By that time, I was counting down the hours. Until then it just meant suffering through it—the way my mom said everything quietly these days, the Caffreys’ press conferences, the search parties, all the kids at school wearing their dumbass Chloe ribbons. Because the more press, the more exposure, the better it would eventually be for Chloe. And, by extension, for me.
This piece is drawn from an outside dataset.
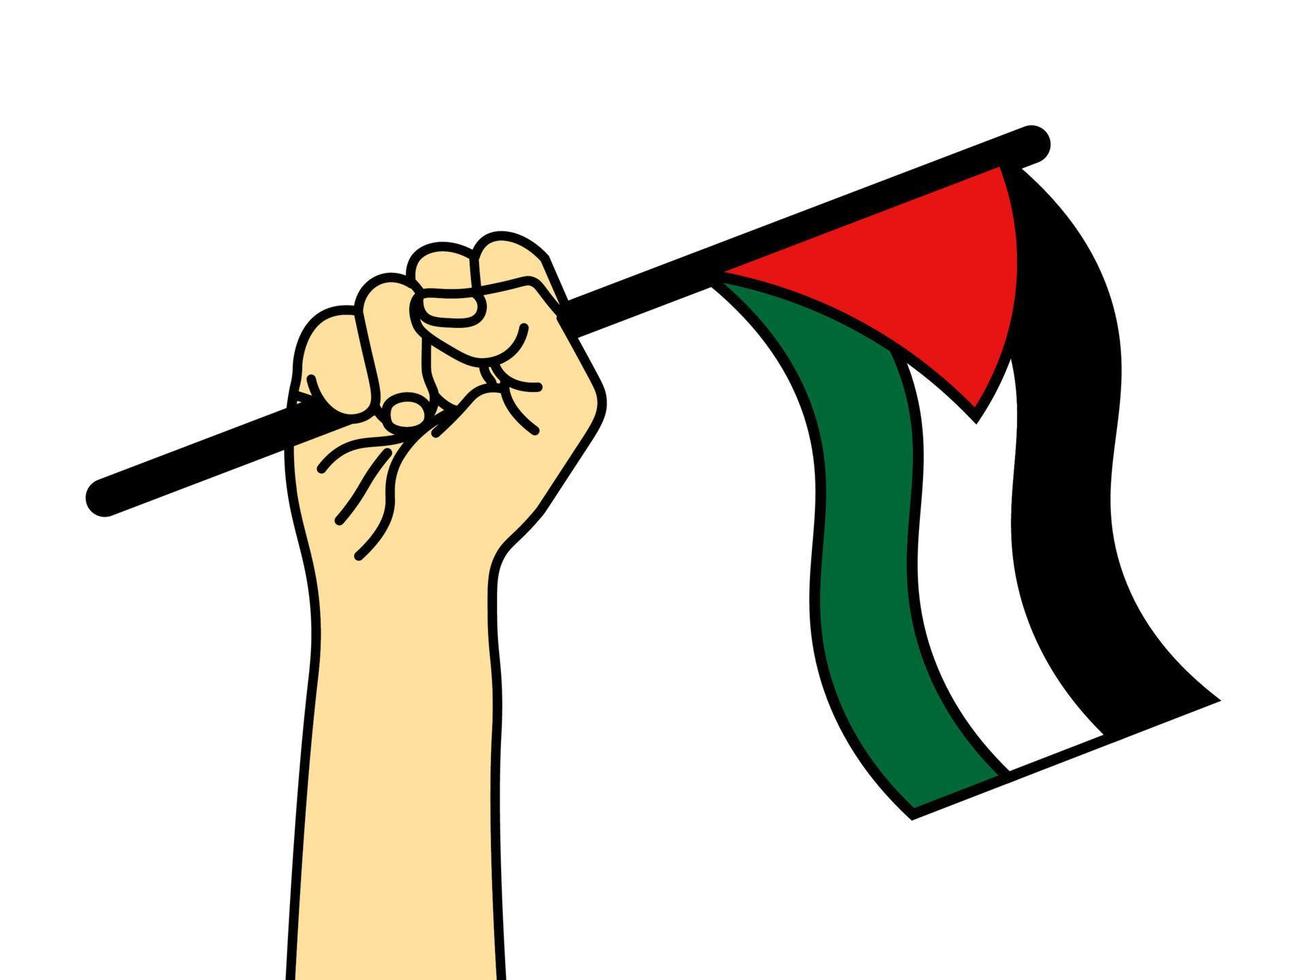 tenere in mano la bandiera palestinese che esprime solidarietà, concetto di palestina libera. illustrazione vettoriale

I knew that Chloe would be pissed I did the interview, too. It broke one of the rules we’d come up with—I had to keep a low profile until Rescue Day. Otherwise it would look too suspicious, too convenient. By then, though, six days into it, I was feeling like Chloe could suck it. She sat on a pile of blankets all day, watching talk shows and eating Pop-Tarts and seeing her own
picture flash across the news. I was already tired of hearing her memorialized in the hallways at school, sick of seeing her face in makeshift shrines all over town. The afternoon of that first interview, I rode my bike down to the library and then along the towpath by the river. Every time the pedals spun around, I heard them asking,
What have you done? What have you done?
God. It felt like I was drunk on some kind of liquid guilt. Every time I passed another poster of Chloe with that lamb tucked under her arm, I pedaled harder, but that just made the voice in my head louder. So I ended up just walking the bike home, making myself turn away every time I saw the white flag of a
MISSING
flyer stapled to a telephone pole or tree.

Now, if I had the chance to do it, if the whole world was still paying attention to me, I would call my own press conference. And even with all the flashbulbs shuttering in my face, I’d tell them: Chloe was never missing. At least she was never missing to me.